» Dataset excerpt

+---+

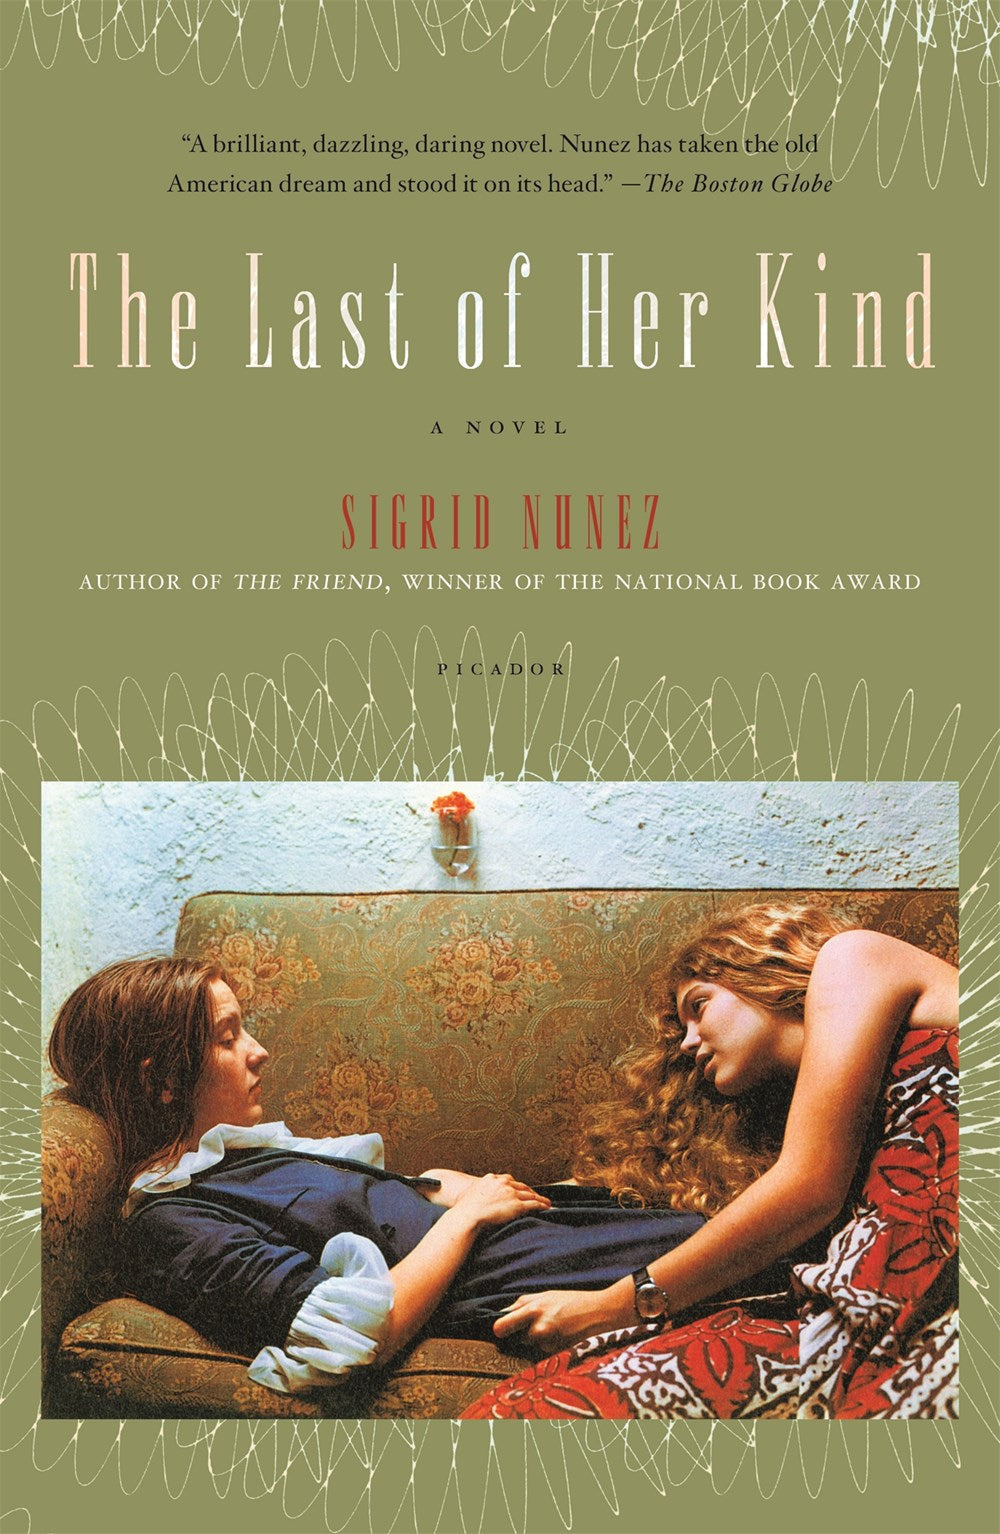 The Last of Her Kind: A Novel by Sigrid Nunez
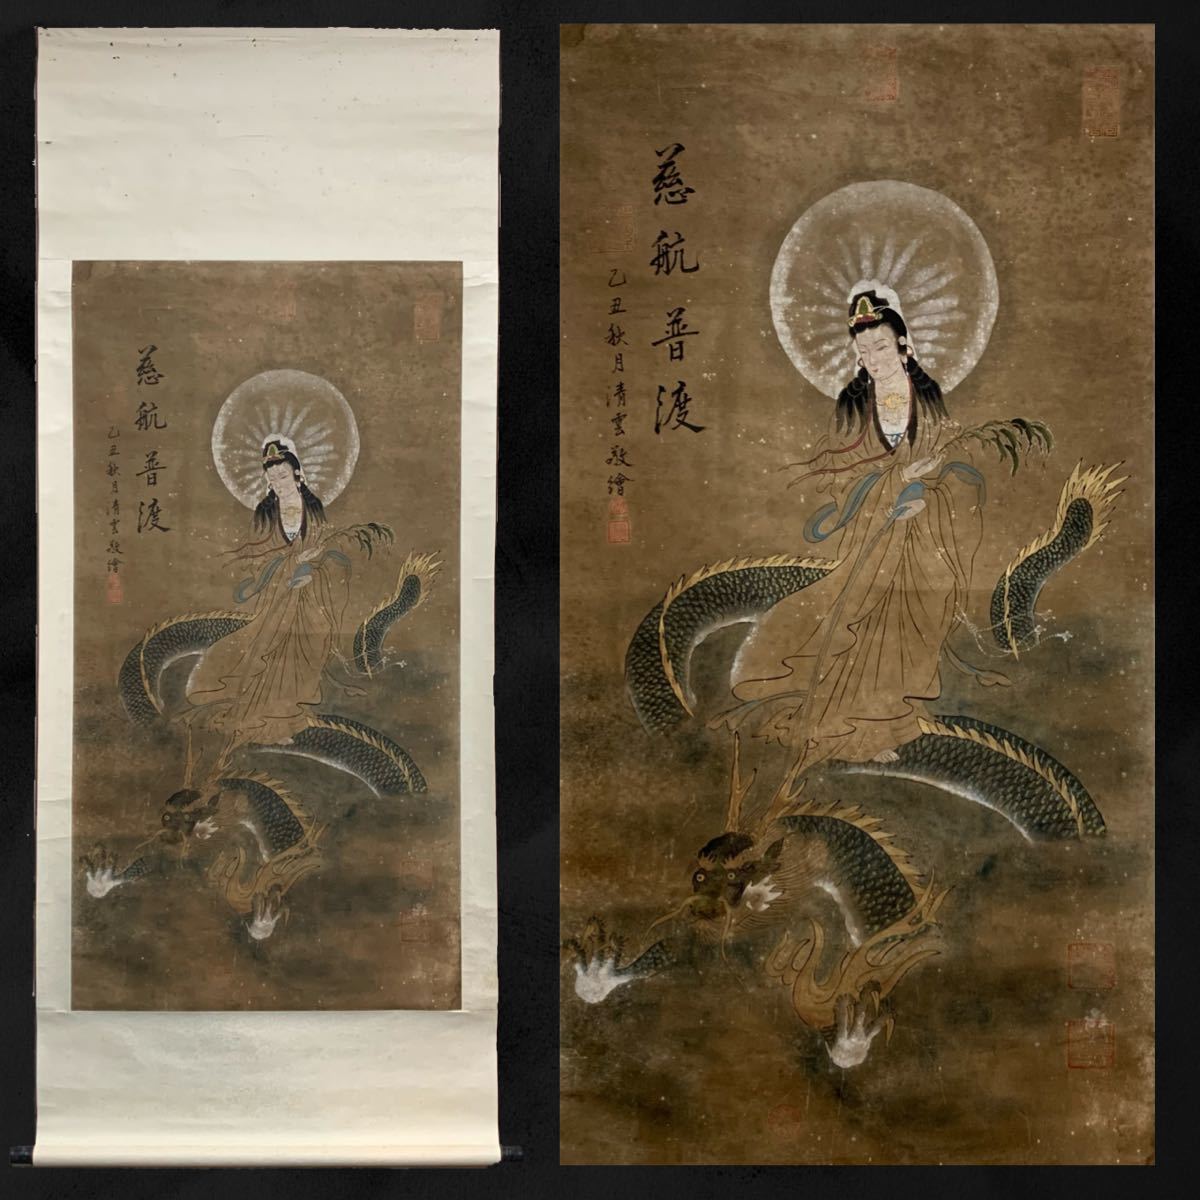 [Copie] (Rin 68) Seiun inscrit Kannon Bodhisattva sur le dragon suspendu rouleau peinture bouddhiste art bouddhiste environ 193 x 80 cm, peinture, Peinture japonaise, personne, Bodhisattva
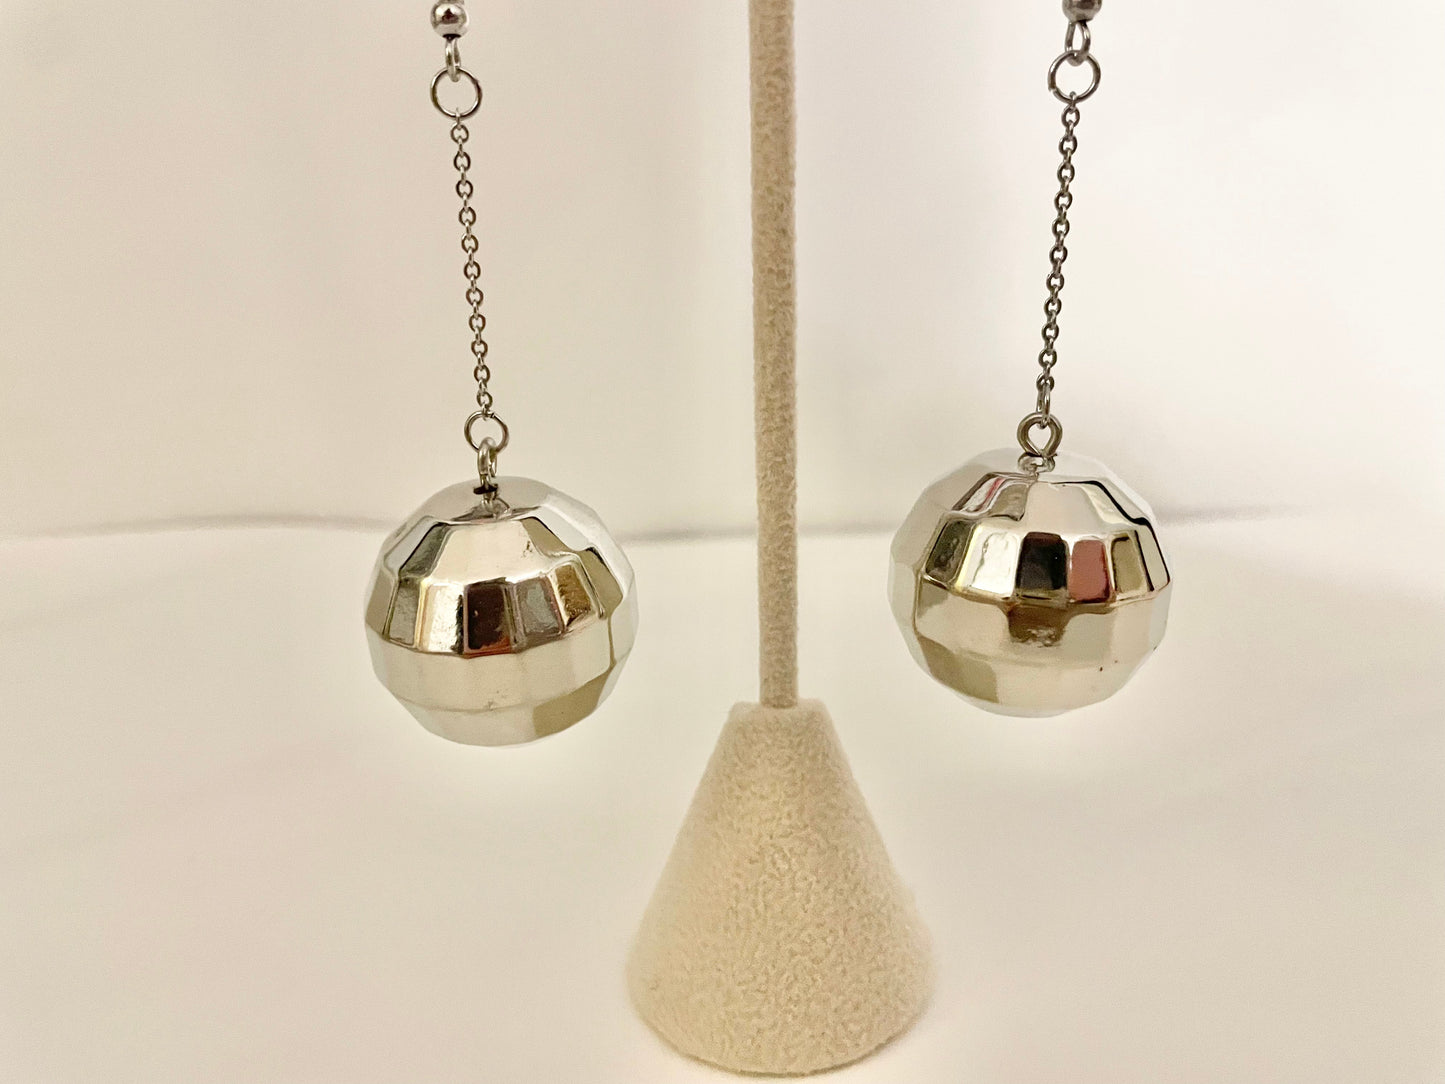 Silver disco ball earrings
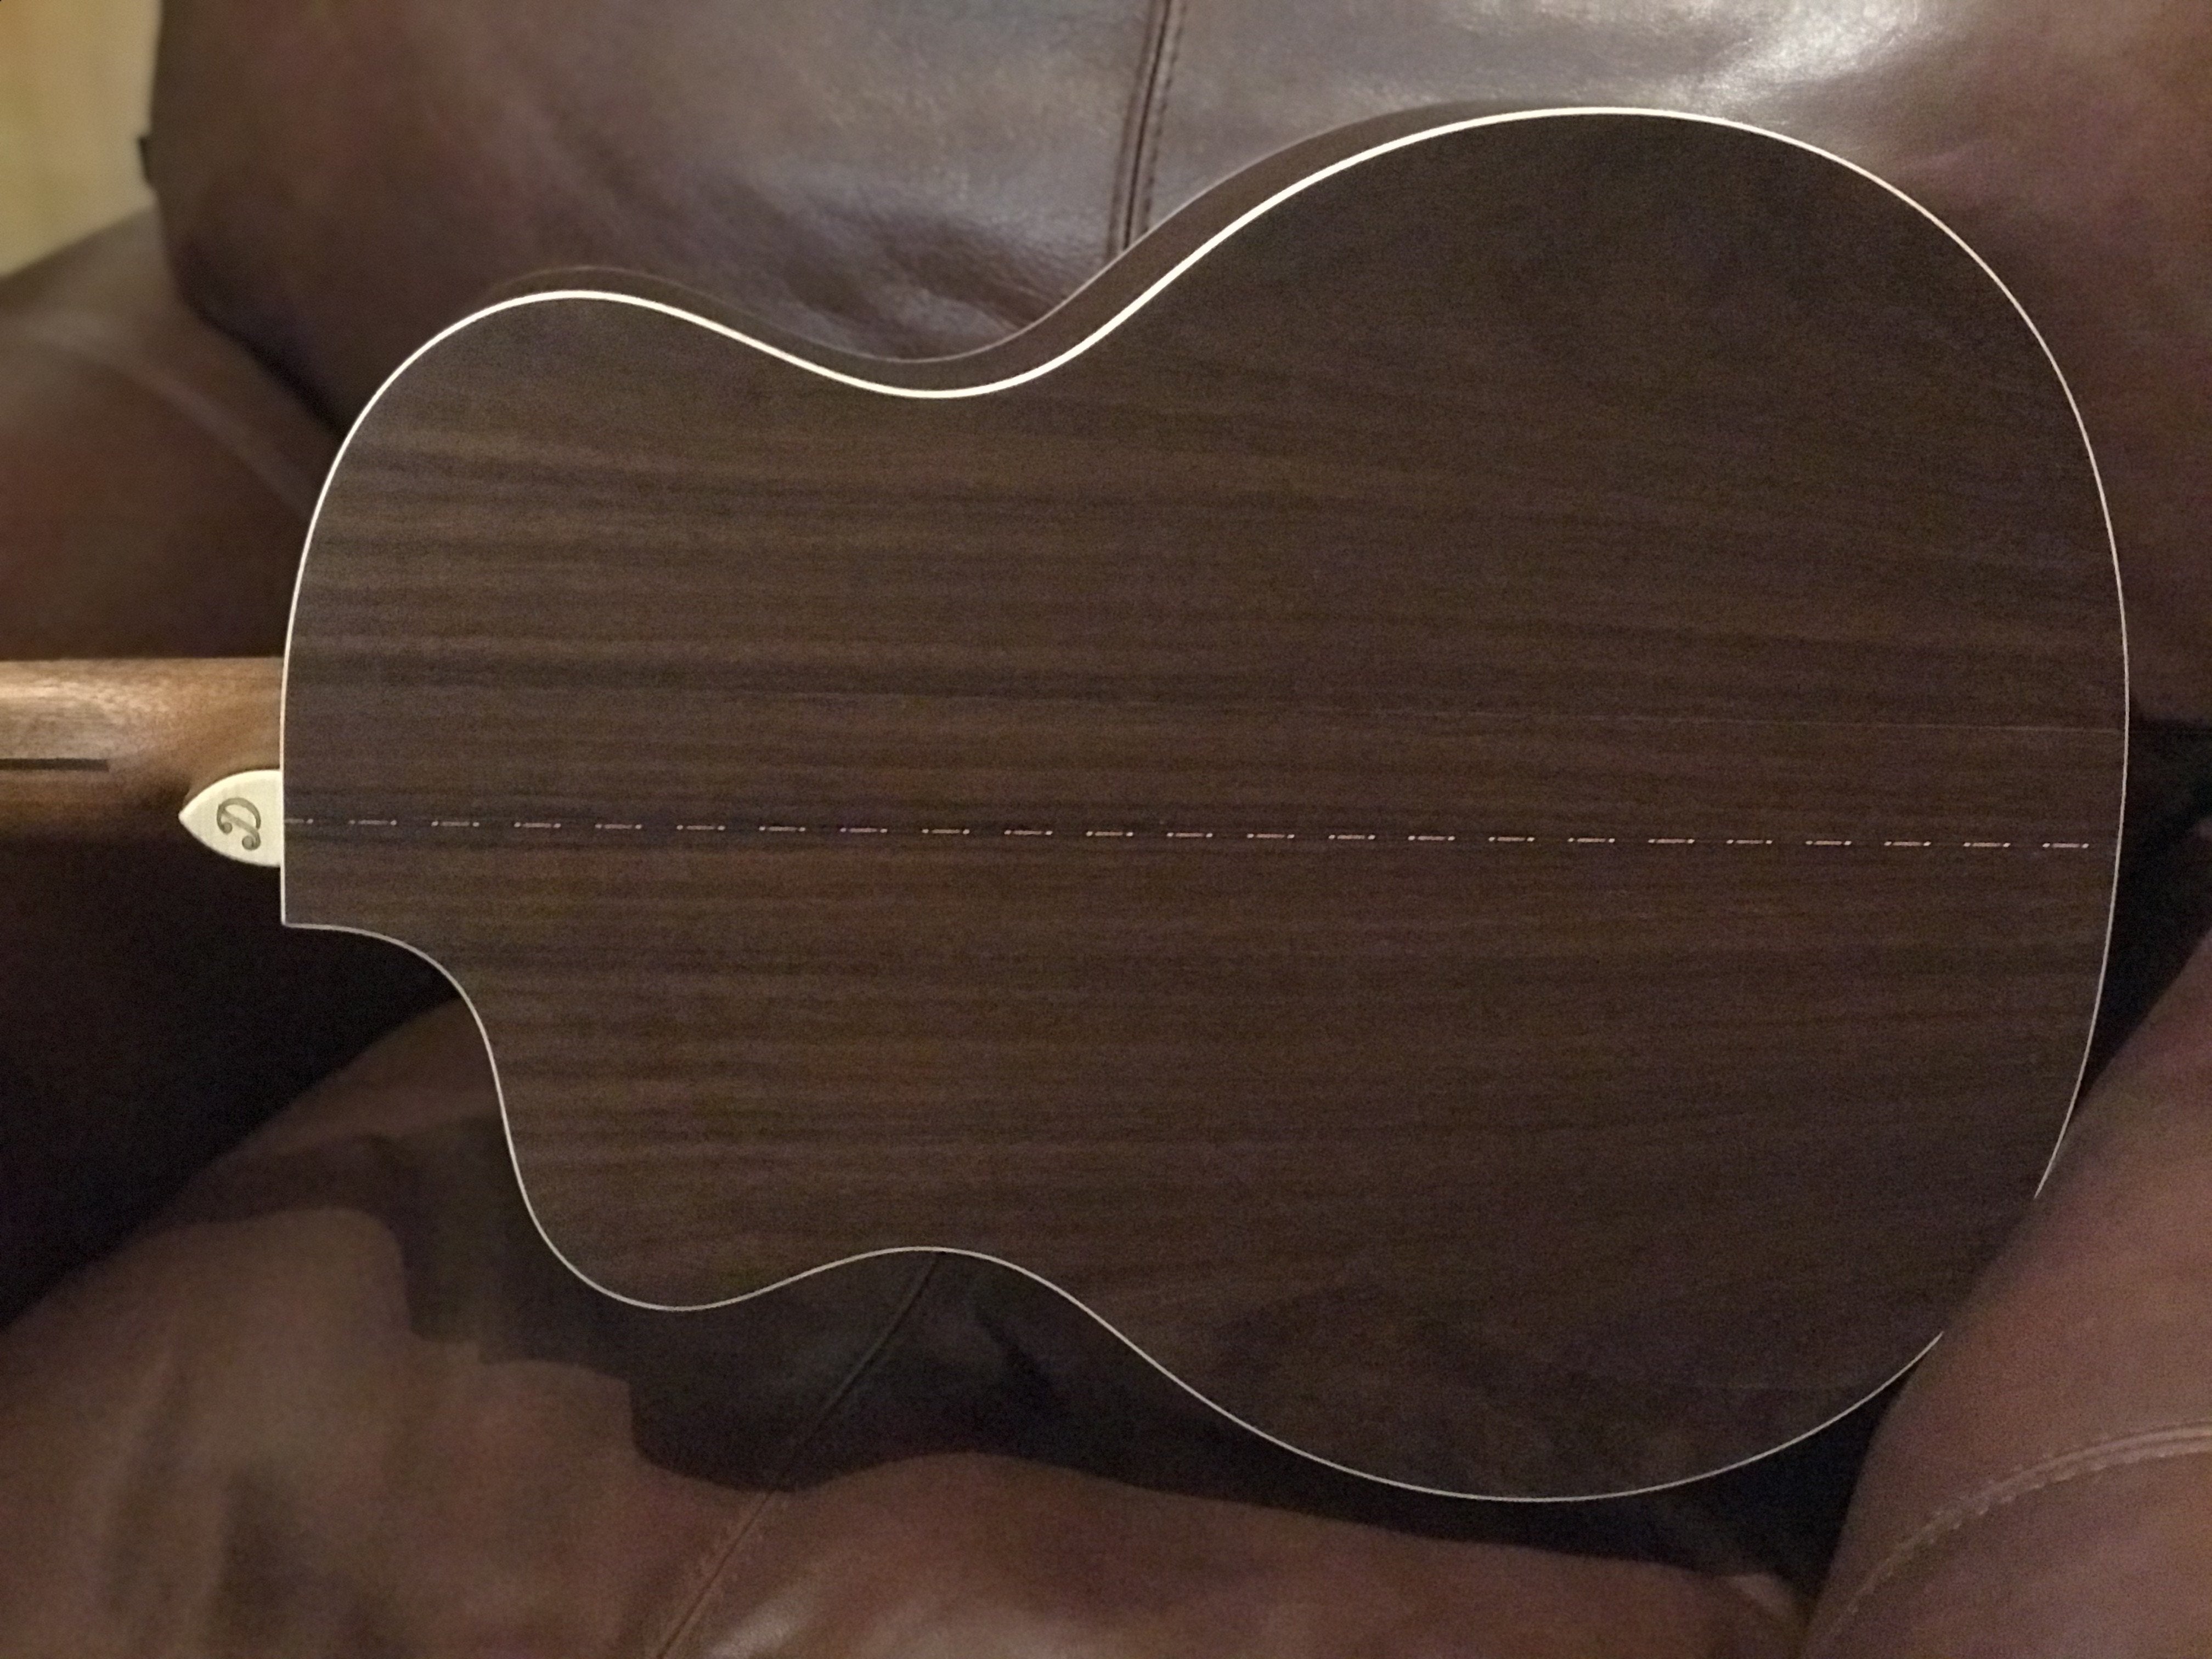 Dowina Rosewood (Ceres) HC-S Hybrid Nylon String Cutaway, Nylon Strung Guitar for sale at Richards Guitars.

+---+

Give again exactly the lines from the one that contains "Silver disco ball earrings" through the end of the material, both ends included, omitting the pictures.

» Worked solution
 Silver disco ball earrings
 Dowina Rosewood (Ceres) HC-S Hybrid Nylon String Cutaway, Nylon Strung Guitar for sale at Richards Guitars.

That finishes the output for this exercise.